Revenu à' lui, il remonte sur la place. Elle est à nouveau vide. Le jeune homme est couché sur son banc, les yeux mi-clos, la respiration difficile, et le professeur parle avec de grands gestes dans la cabine téléphonique. Il raccroche, et Malan se précipite vers lui.

"Vous n'avez vu personne ?" demande-t-il.

"Non", répond le professeur en rejetant son chapeau en arrière, et l'on voit que ses cheveux blancs sont couverts de gouttes de sueur. La chaleur de cette nuit est vraiment étouffante.

"Moi, oui", dit Malan en se tenant l'estomac, "en bas, dans les toilettes."

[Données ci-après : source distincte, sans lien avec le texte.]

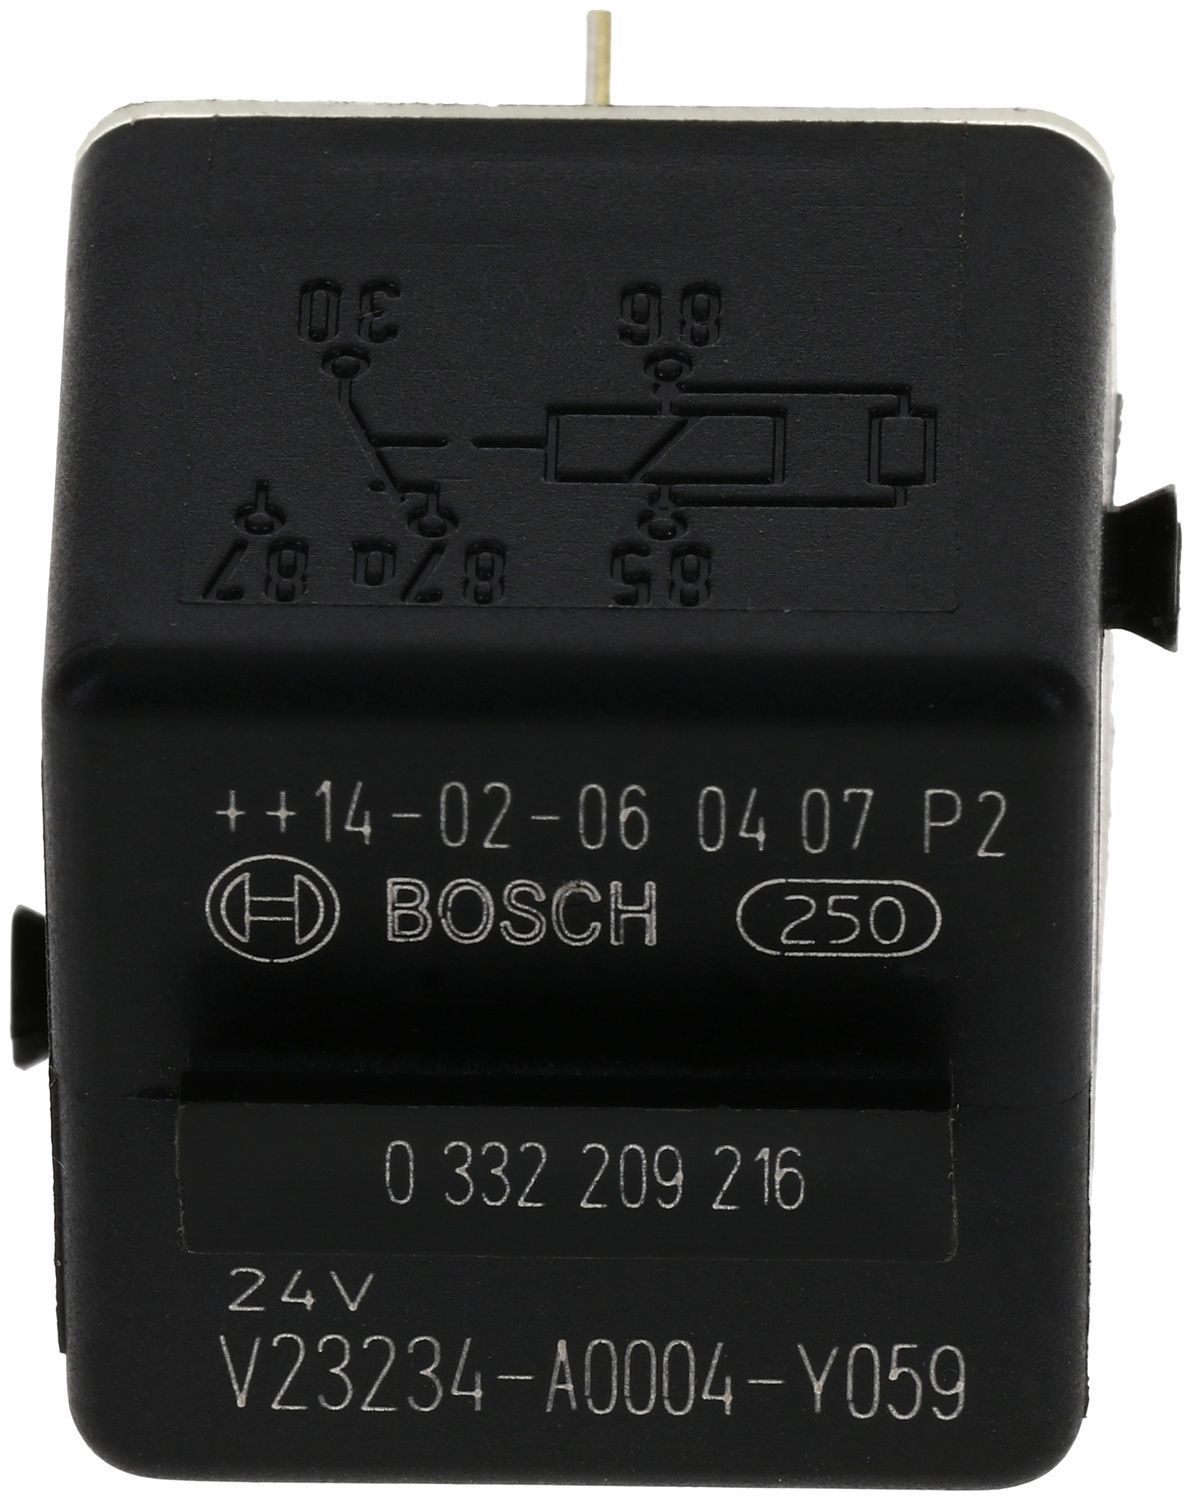 BOSCH - HVAC Motor Relay - BOS 0332209216

"Est-ce que vous êtes blessé ?" s'inquiète le professeur.

Malan secoue la tête, puis il desserre les poings qu'il ne sait pourquoi il tenait serrés, et du droit quelque chose tombe à terre, qui rayonne d'un éclat métallique. Il se penche, et se souvient qu'en tombant tout à l'heure, il a senti quelque chose sous ses mains, qui se sont instinctivement refermées sur leur prise. Il considère maintenant cette prise. Il n'a jamais rien vu de semblable. Un faisceau d'une vingtaine de fils de laiton très fins, pas plus longs que le petit doigt. Il tend l'objet au professeur, qui opine du bonnet.

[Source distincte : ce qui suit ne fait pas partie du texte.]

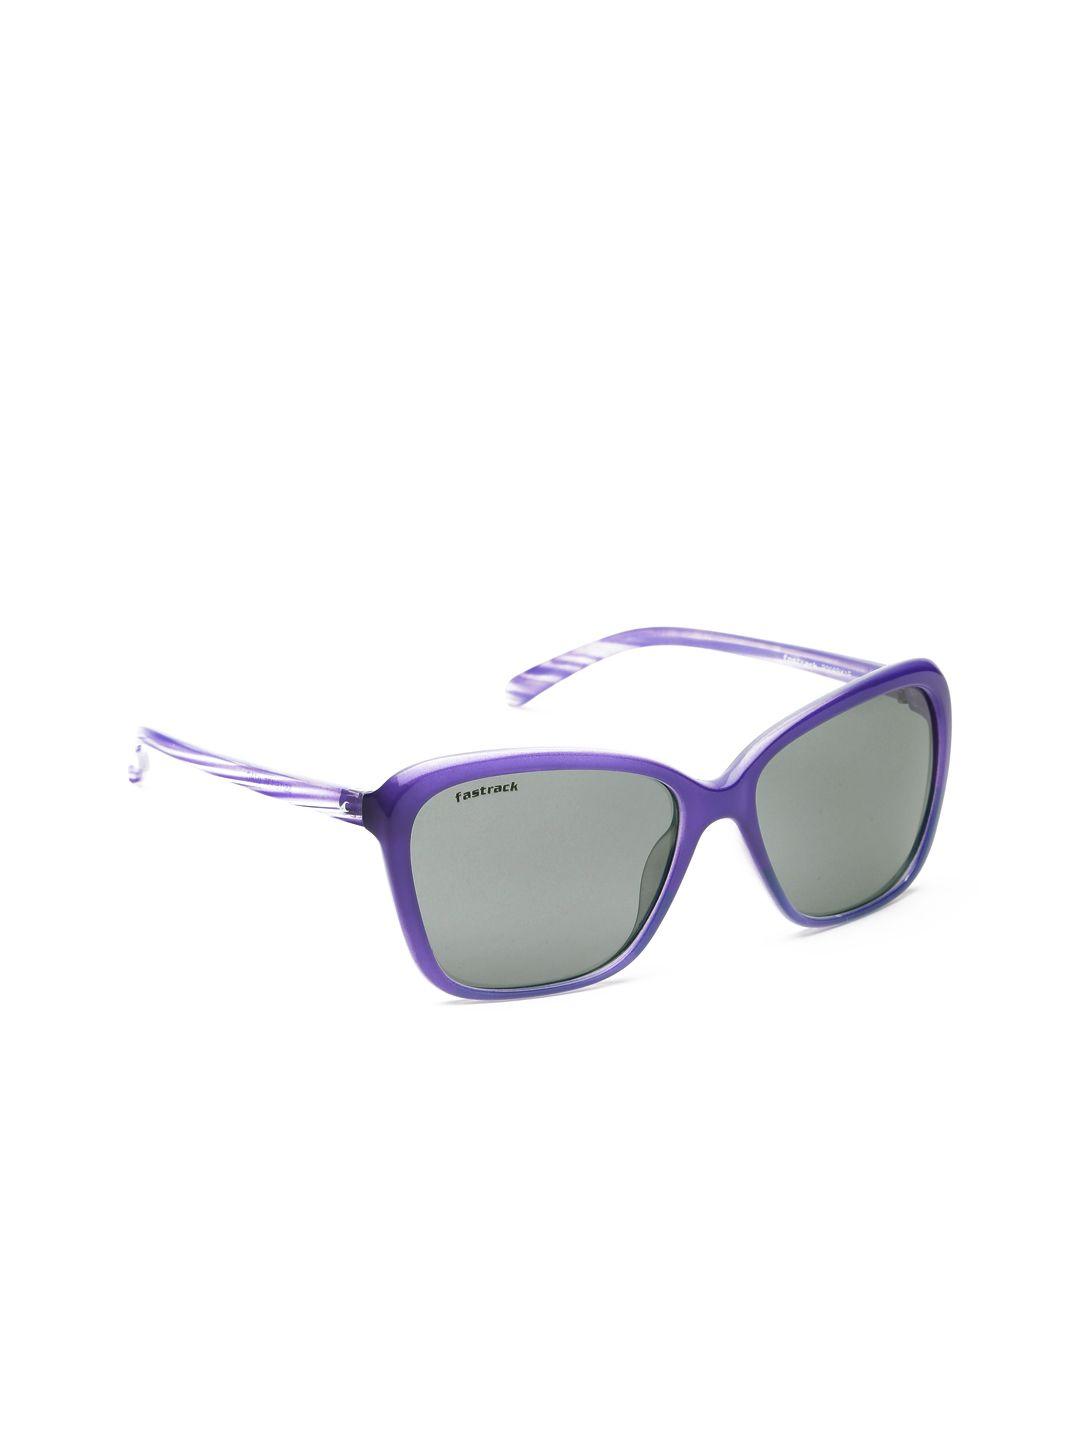 fastrack-women-sunglasses-p306bk1f

"Oui, je connais", dit-il, et il tire un des fils du faisceau, le tient à hauteur du regard et explique :

"On se sert de cela pour nettoyer, quand elles sont bouchées, les aiguilles qu'emploient les morphinomanes pour s'inoculer le poison soluble au moyen de la seringue dite de Pravaz."

Malan n'est tout de même pas si bête. Les manières entortillées du professeur ne lui disent rien qui vaille. Mais on est pataud. Comment exprimer un soupçon ? D'ailleurs Dominicé ne lui en laisse pas le temps.

"L'ambulance va venir tout de suite", dit-il. "Vous avez mon adresse. J'y suis atteignable. Bonne nuit."

Curieux, comme les doigts du professeur tremblent cependant qu'en disant ces mots il roule une cigarette de gros tabac français. Mais déjà, l'ayant allumée, il s'éloigne, et la fumée derrière lui reste accrochée dans l'air.

"Et dire que je ne lui ai même pas demandé s'il connaissait ce jeune homme", se reproche Malan. "Bah", se rassure-t-il, "le vieux s'en occupera." Le vieux, c'est le commissaire Pillevuit, un homme à longue barbe blonde en oriflamme, qui a au moins un point commun avec lui, c'est qu'il aime le vin blanc vaudois.

Malan est à nouveau seul. Le malade sur le banc ne compte pas. La grande place malgré la vive lumière qui la baigne est lugubre. Les devantures vides des commerces ont des regards mauvais. Il tousse pour éloigner de lui cette vision. Mais les façades continuent de le fixer. Un bruit de moteur enfin se fait entendre, et une limousine verte percée de petites lucarnes en verre dépoli s'arrête devant lui. Deux hommes en sortent. On extrait de la voiture une civière sur laquelle on enveloppe le malade, les portières claquent et la voiture repart.